So some time passed, and the finally my unit arrived… I was excited… I had no ipod, but luckily for me, my girlfriend did. I unpacked it all, and hooked everything up…I spent a lot of time looking at this diagram, figuring out how and what to do with the multitude of wires, knobs and dials I had opened (it looked so simple in the image above).

Installation diagram

Installation diagram

Once I had it all hooked up, I turned it on plugged it in and away we went… it sounded ok, no better than an itrip though, so I started looking for other ways to connect my Drive+Play.

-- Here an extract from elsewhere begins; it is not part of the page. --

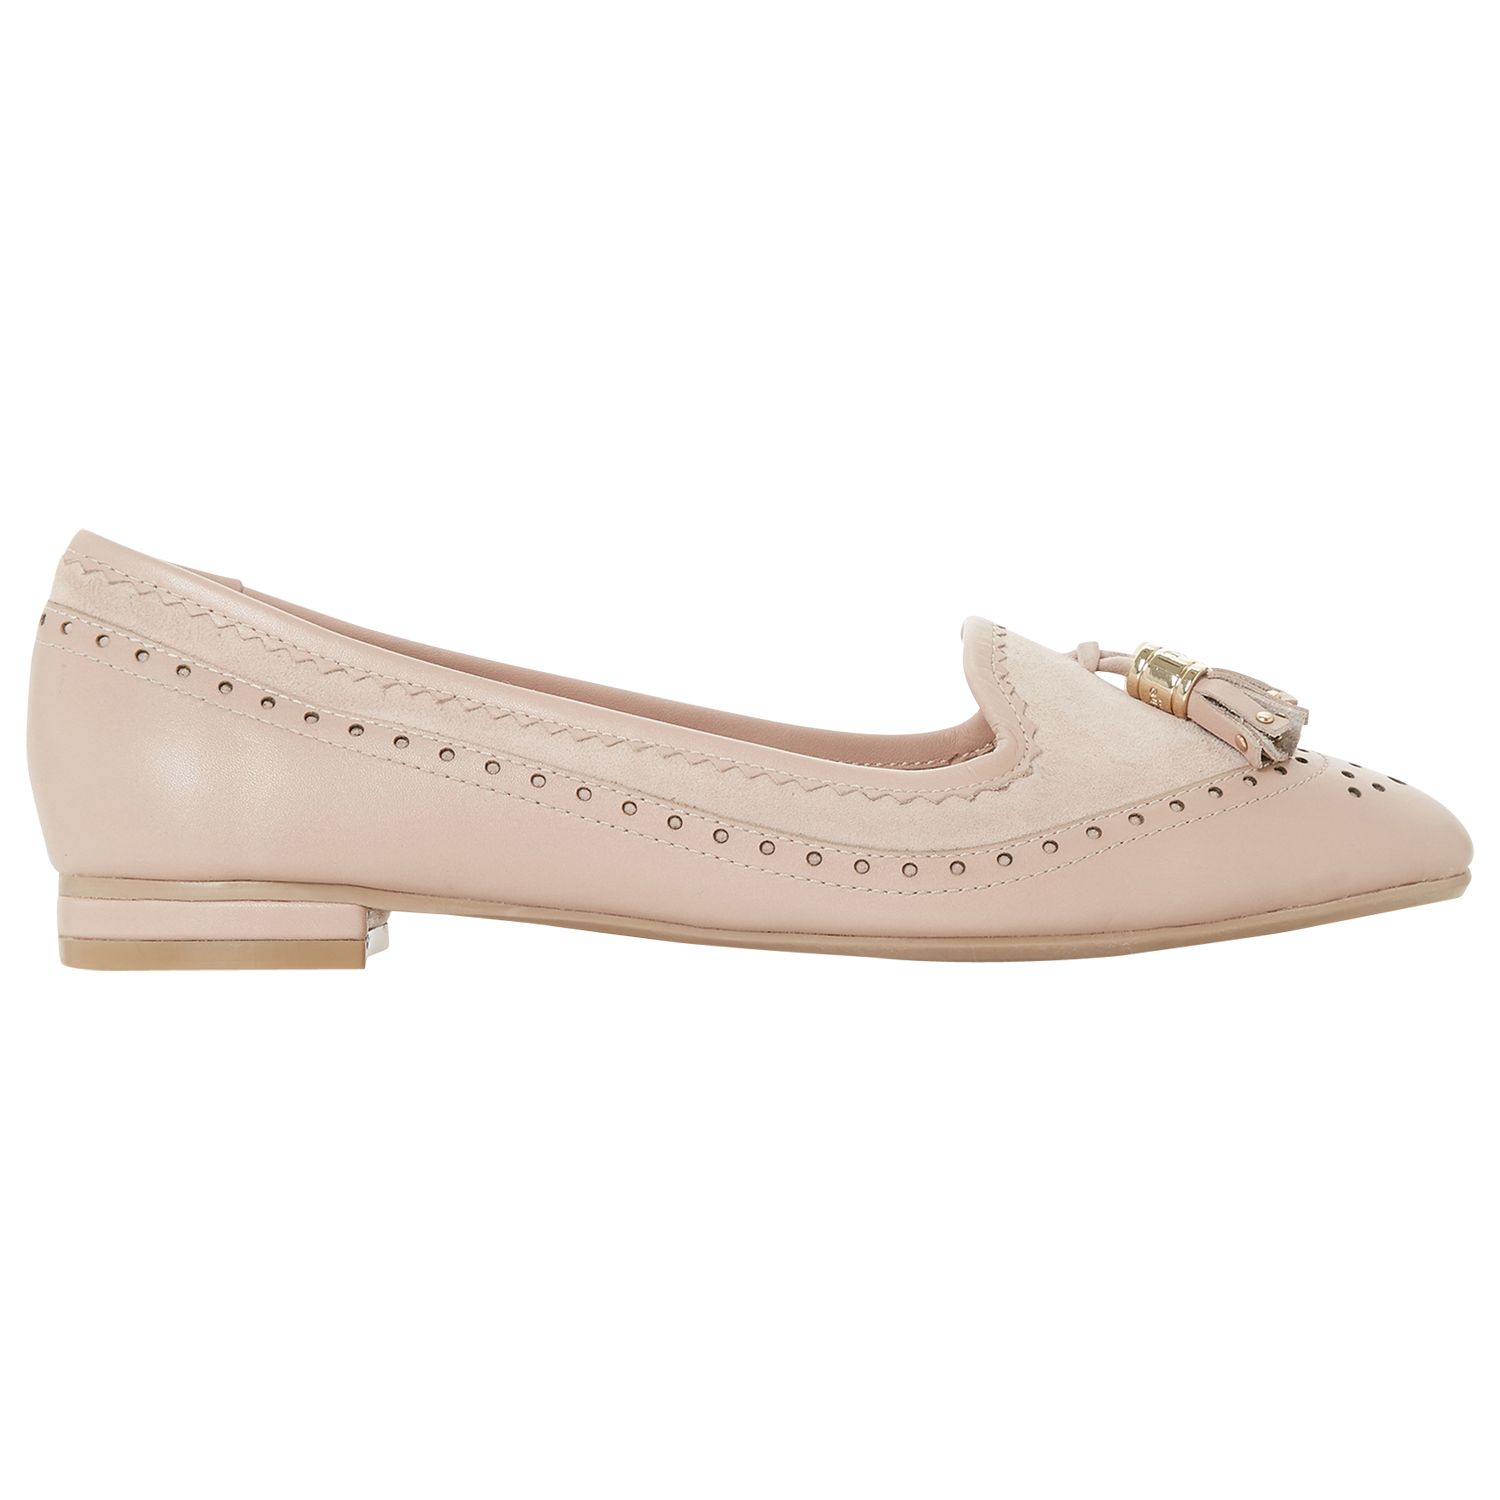 Dune Gambie Leather Loafers, Blush, 5

It turns out the UK model of the Drive and Play comes with a built in wireless FM modulator, which means that it basically works the same way as the itrips available on the market. This was not an ideal solution for me, because I knew the quality of those little beasts was not that great, especially in built up areas. So the US model comes with a wired FM modulator, which does the same job, but connects directly to your car stereo via the aerial input (it sits between the aerial lead and the stereo). I contacted Harmon Kardon, and they told me where I could get this from, so I ordered it for £10 inc postage.

FM modulator

FM modulator

The other option I had was to hard wire the ‘brain’ of the Drive and Play into the stereo via a 3.5mm -> RCA jack lead. This is great if your car has an AUX input (3.5mm -> 3.5mm jack lead) or standard RCA inputs (the red and white stereo input). Sadly my car had neither of these, and the unit would cost about £40 to buy (For my 2005 Ford Focus I needed the CTVFOX001 unit) so this is why I opted to try the wired FM modulator.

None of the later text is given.